Model-based Control of the Resistive Wall Mode in DIII-D:
A Comparison Study
Symposium on Fusion Technology
Rostock, Germany, September 15-19, 2008
| Abstract |
|
One of the major non-axisymmetric instabilities under study in the
DIII-D tokamak is the resistive wall mode (RWM), a form of plasma kink
instability whose growth rate is moderated by the influence of a
resistive wall. One of the approaches for RWM stabilization, referred
to as magnetic control, uses feedback control to produce magnetic
fields opposing the moving field that accompanies the growth of the
mode. These fields are generated by coils arranged around the tokamak.

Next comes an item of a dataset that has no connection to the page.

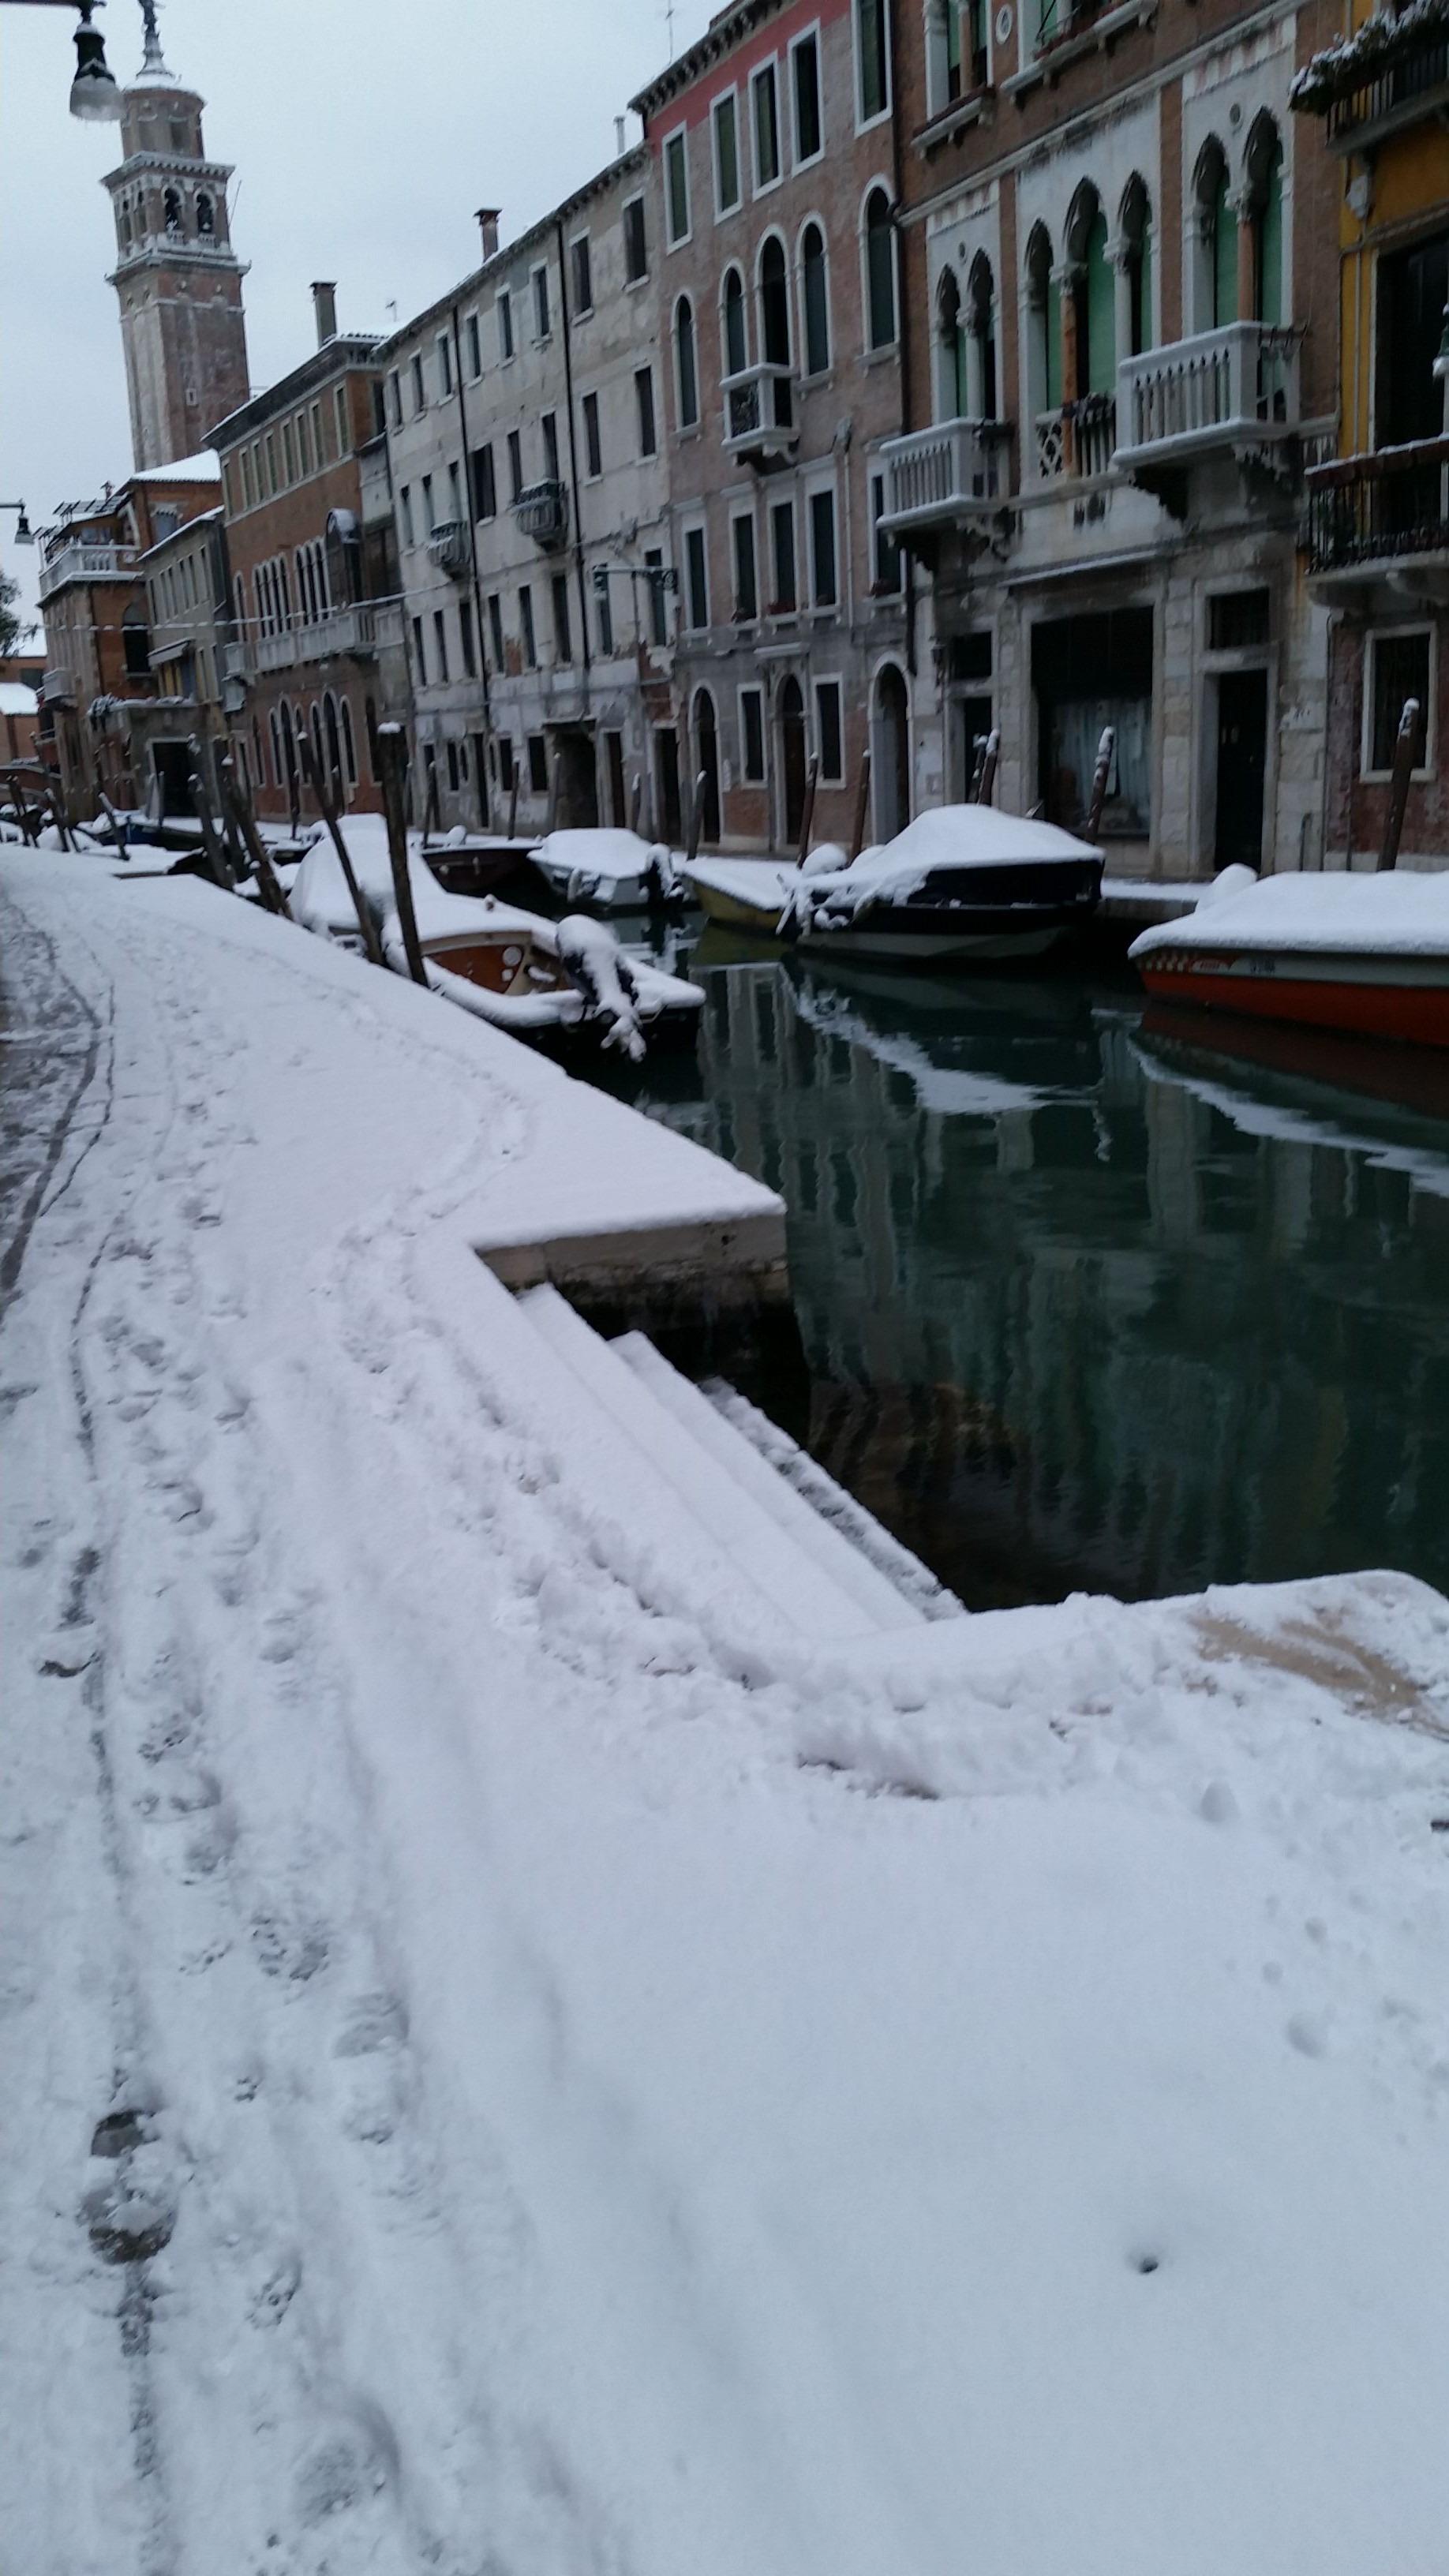 passegiata a venezia

One problem with RWM control methods used in present experiments is
that they predominantly use simple non-model- based
proportional-derivative (PD) controllers requiring substantial
derivative gain for stabilization, which implies a large response to
noise, leading to a requirement for high peak voltages and coil
currents, usually leading to actuation saturation. Motivated by this
limitation, current efforts in DIII-D include the development of
model-based RWM controllers. The General Atomics/Far-Tech DIII-D RWM
model represents the plasma surface as a toroidal current sheet and
represents the wall using an eigenmode approach [1]. Although the
plasma surface deformation cannot be directly measured in real time,
the magnitude and phase of the deformation can be diagnosed from
measurements by a set of 22 magnetic field sensors composed of poloidal
probes and saddle loops. An array of 12 control I-coils can then be
used to return the plasma to its original axisymmetric shape. Using an
estimator for the two orthogonal components of the assumed n=1 mode
pattern, the resultant plant can be constructed into a reduced form
from the original 12 input, 22 output. In particular, using a typical
quartet configuration for the I-coils and matched filter, the plant
can be simplified to a 3-input/2-output system. Optimal and robust
controllers have been designed exploiting the availability of the RWM
dynamic model. The controllers are tested through simulations, and
results are compared to present non-model-based PD controllers.
Advantages and disadvantages associated with the different control
approaches, including implications for experimental implementation and
use, are discussed.
[1] Y. In, et al, “Model-based dynamic resistive wall mode identification
and feedback control in the DIII-D tokamak,” Phys. Plasmas 13 (2006) 062512.